And the xml paresr will fail if the xml is not well formed while the regex will just keep sailing along. I had an example of this with BlogPoster.py which uses python xmlrpc. There are Wordpress hosts which return invalid xml and this causes an exception, I reimplemented what I needed with Bash and cURL using regexes and it works fine.


I'm not sure if you mean that pro or against regular expressions. That is a good example for #5. Regular expressions are great to quickly patch together something that kinda works, but:

1. Those hosts are still broken. The next person will have to jump the same hoops to support them.

2. You parser is very permissive. It will encourage people to create even more broken implementations.

3. The specification of this protocol is now worthless. There is no way to safely add new functionality. Any new element or attribute can break those regexes. Everyone has to take every implementation into account.

4. You are probably missing some corner cases like CDATA elements or quoted characters.

From your point of view, it probably makes sense to support even broken sites. But, you are helping to create next HTML - where every implementation works differently and you have to test everything on every browser.

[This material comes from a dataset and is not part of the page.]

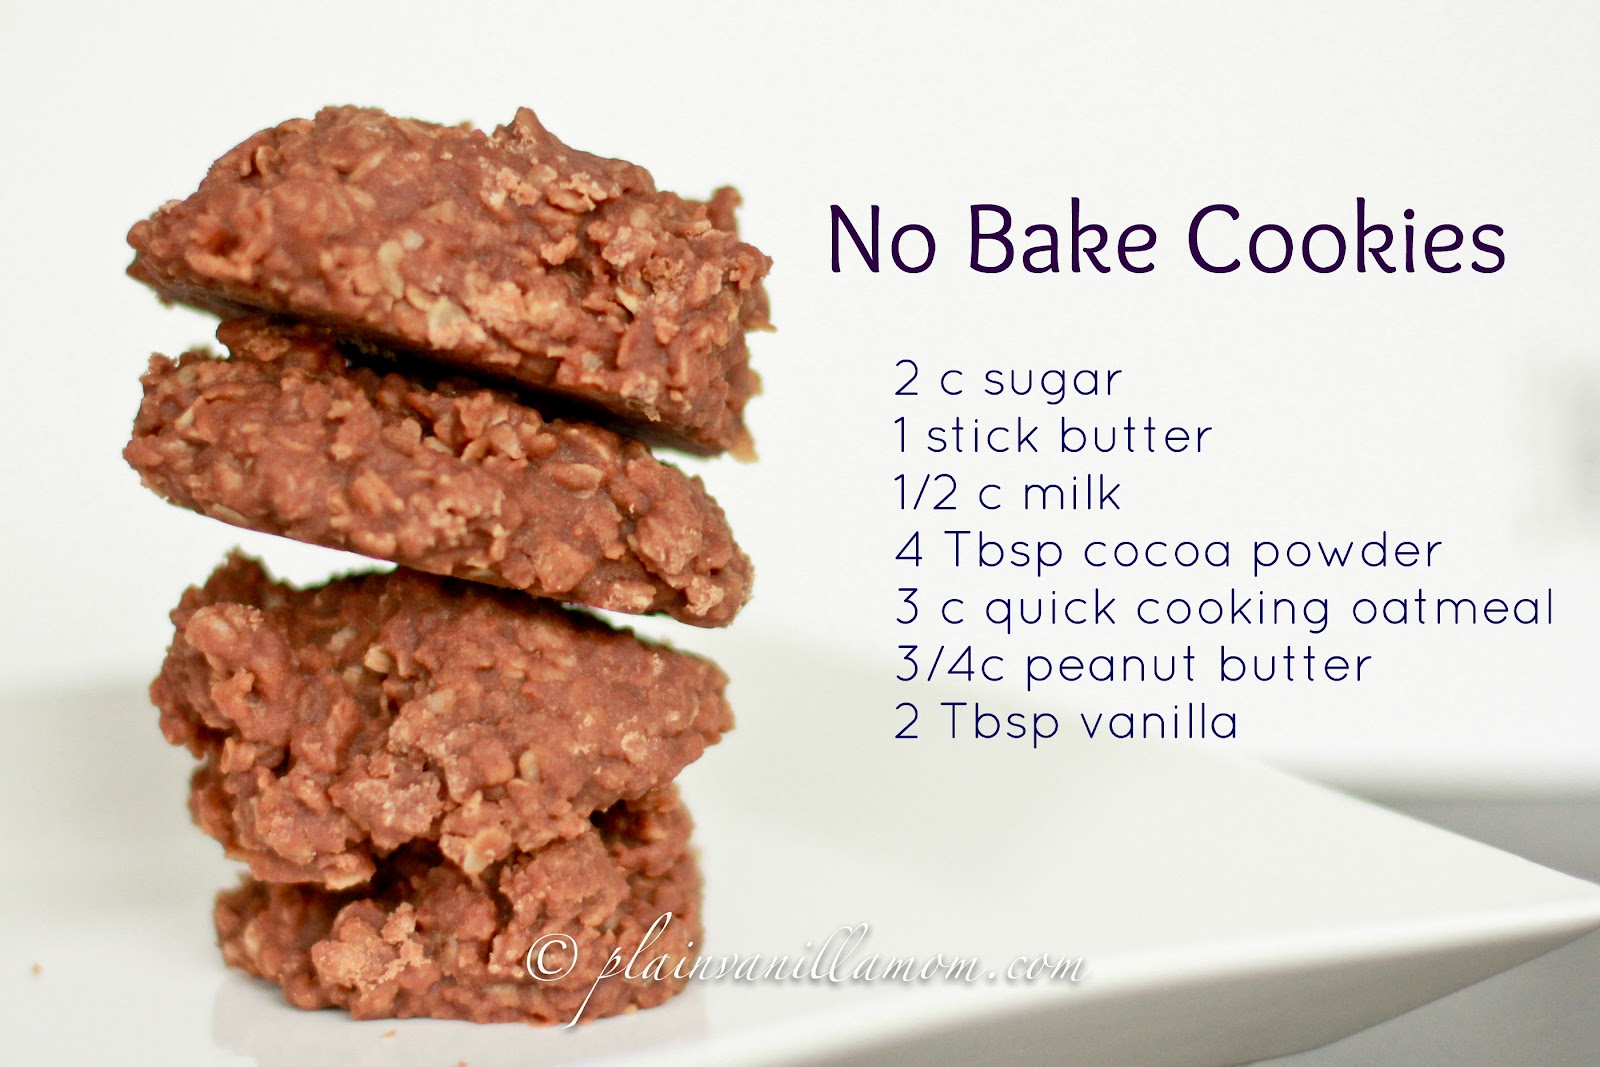 No Bake Cookies Recipe Food Network

I think it's because few take the time to actually understand them before using them, and usually suffice with cobbling together a few expressions from 'tutorials' of varying quality. Reading the Friedl book at least once is essential. Then again, what do we expect when our field is filled with people whose 'education' consists of a 6-week 'hacker bootcamp' and a few weekends of watching Youtube videos...

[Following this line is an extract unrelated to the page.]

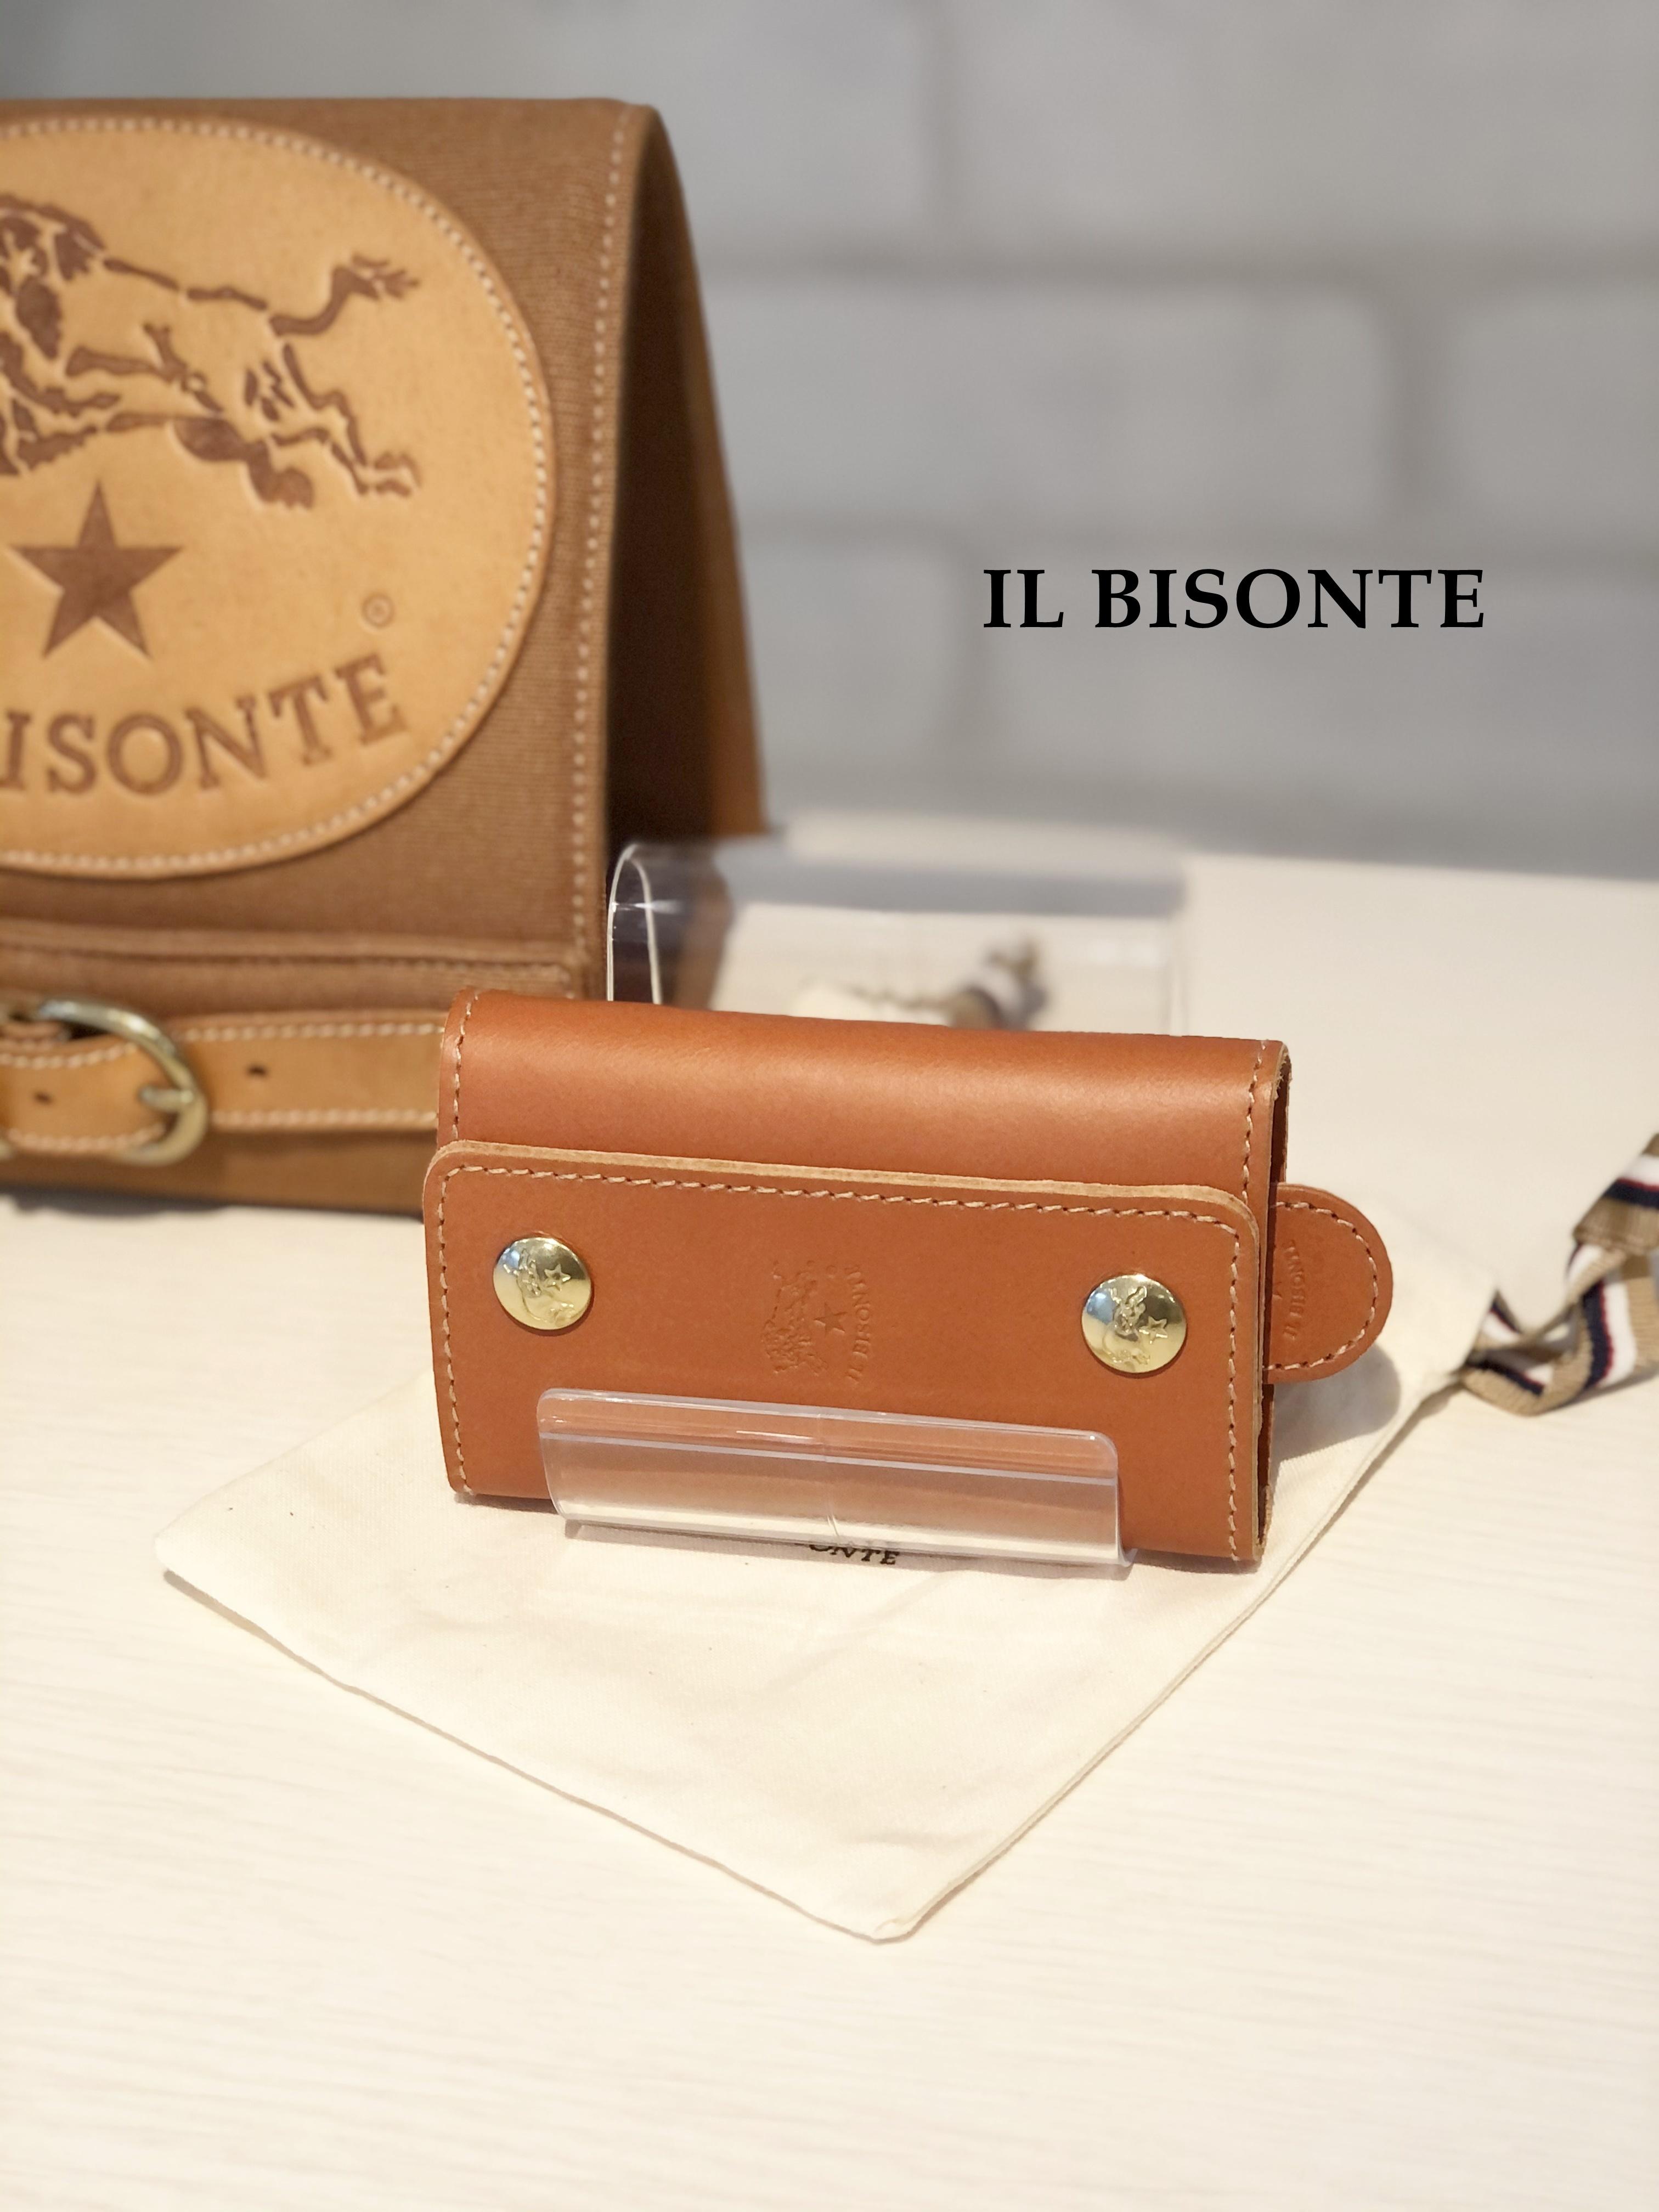 IL BISONTE(イルビゾンテ)/6連キーケース/9290(ヤケヌメ)

(also, too many kids on my lawn etc)


That's a patronizing comment. Often the very education may a stumbling block in the process of learning. Most users of regexps or any other device do not need to read a thick theory book on it. Cobbling together expressions from online tutorials is a perfectly good way to learn effectively. Admittedly, it is not the best way to write production code, but there are often economic considerations that override the expert's desire for perfect design and implementation.


"Often the very education may a stumbling block in the process of learning."

People don't want to learn because it's hard?

"Most users of regexps or any other device do not need to read a thick theory book on it."

Which is why they should at the very least read Friedl.

"Cobbling together expressions from online tutorials is a perfectly good way to learn effectively."

No it's not, otherwise we wouldn't have so many bad regexes and people asking silly questions about them, would we?

"Admittedly, it is not the best way to write production code, but there are often economic considerations that override the expert's desire for perfect design and implementation."

Nobody's talking about 'perfect design and implementation', just 'not be a moron' level. Because car analogies are everbody's favorite, let me use one here: no-one is saying that one should have a Formula 1 licence before driving (using regular expressions); just to have more than 20% vision in both eyes and not to drive after drinking 5 beers while texting your wife that you're on your way. Which is the car-driving equivalent of the majority of regex uses in the wild.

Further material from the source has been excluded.